US and other coalition personnel are at the al Tanf garrison, near the border crossing, to train local partner forces, who captured the area earlier this year. (US personnel and local partners repulsed an intense attack by ISIS soon after.)
The first such strike in the al Tanf area came on May 18, when coalition forces targeted pro-Assad forces “that were advancing well inside an established deconfliction zone” spreading 34 miles around al Tanf, US Central Command said in a release at the time.
The strike came after unsuccessful Russian efforts to stop the movements, a show of force by coalition aircraft, and warning shots.
Christopher Woody/Google Maps
Earlier this week, pro-regime and coalition aircraft both conducted strikes against opposition forces in the vicinity of al Tanf.
On Tuesday, Iranian-backed Shia militia fighters came under attack on the ground just inside the deconfliction zone boundary, according to CNN. In response to that attack, Washington and Moscow communicated on a deconfliction line set up previously. Russia shared a request from the Syrian government to launch a strike in support of the militia, to which the US agreed.
Hours later, pro-Assad forces were observed entering the deconfliction zone with vehicles and weaponry, including a tank and artillery, as well as over 60 fighters. The US then launched its own airstrike on those forces after they refused to withdraw from the area.
The coalition said it issued several warnings before “destroying two artillery pieces, an anti-aircraft weapon, and damaging a tank.”
The US-led strike, carried out by a F/A-18 fighter, dropped four bombs and “killed an estimated 10 fighters,” according to CNN.
June 8th’s engagements add to a string of encounters that could lead to greater conflict in Syria between the US-led coalition and its local partners and pro-regime forces and their backers, Iran and Russia.
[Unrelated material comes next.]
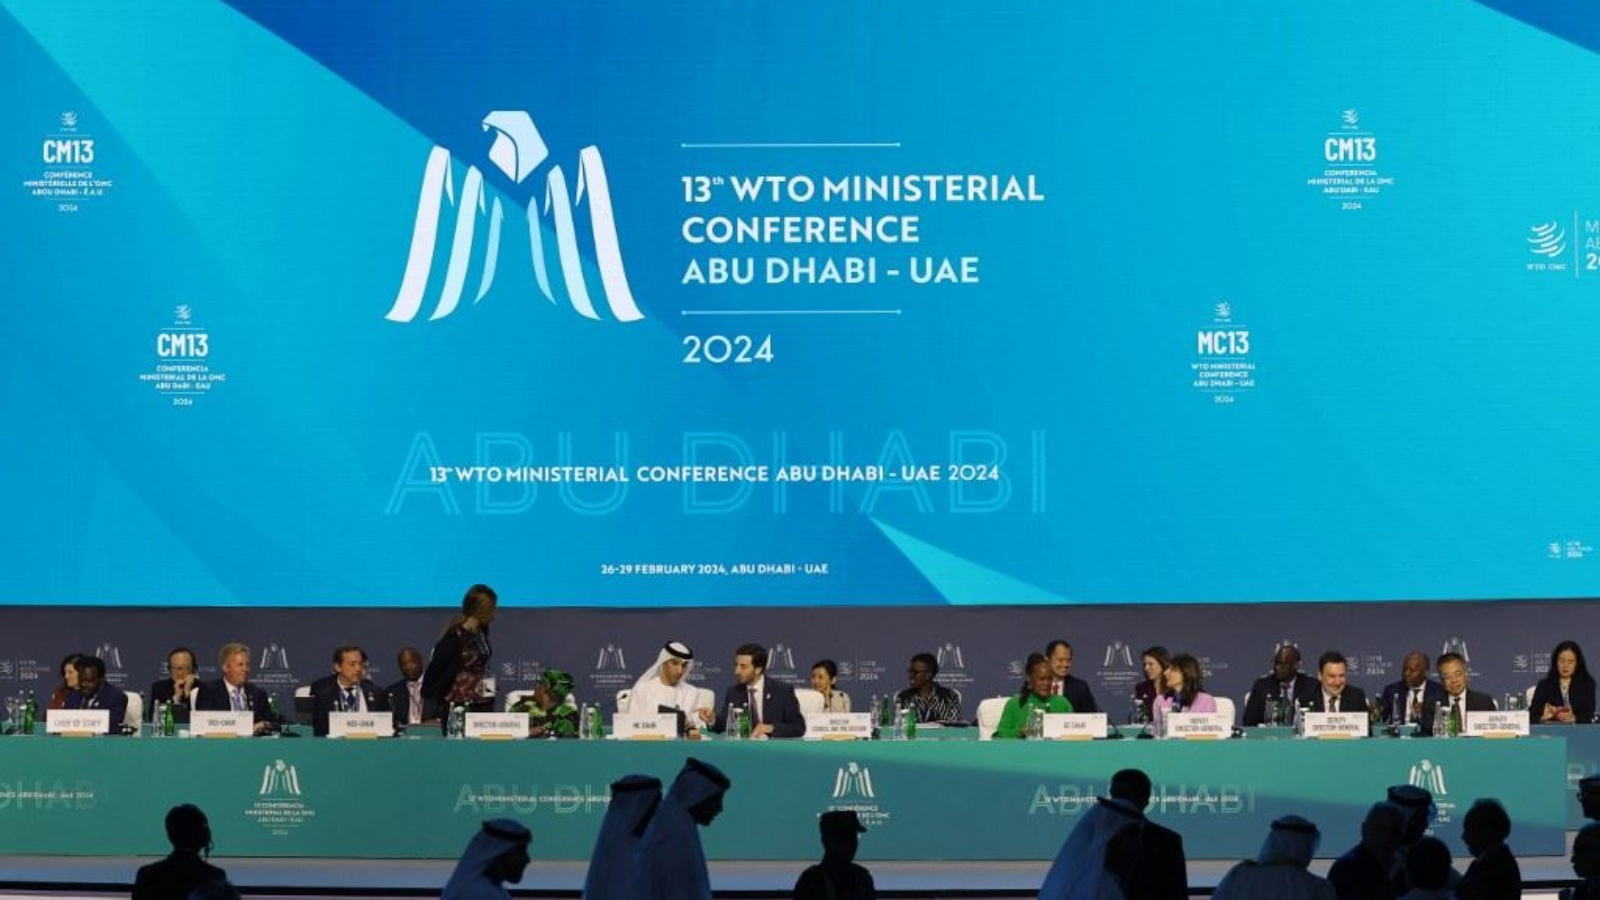 مندوبون يحضرون المؤتمر الوزاري الـ13 لمنظمة التجارة العالمية في أبوظبي 26 شباط (فبراير)2024

“The Coalition does not seek to fight Syrian regime, Russian, or pro-regime forces partnered with them,” CentCom said in its statement.
“The demonstrated hostile intent and actions of pro-regime forces near Coalition and partner forces in southern Syria, however, continue to concern us and the Coalition will take appropriate measures to protect our forces,” the statement said.
The strategic value of the al Tanf area — through which a highway connecting Damascus to Baghdad runs — as well as the direction of events elsewhere in Syria makes clashes between coalition forces and pro-regime forces a continuing possibility.
ISIS’ eroding control of territory in Syria, and the likelihood that Kurdish forces — who’ve signaled a willingness to negotiate with Assad for autonomy — will soon take control of the area around Raqqa in northeast Syria make territory in the southeast of the country increasingly valuable.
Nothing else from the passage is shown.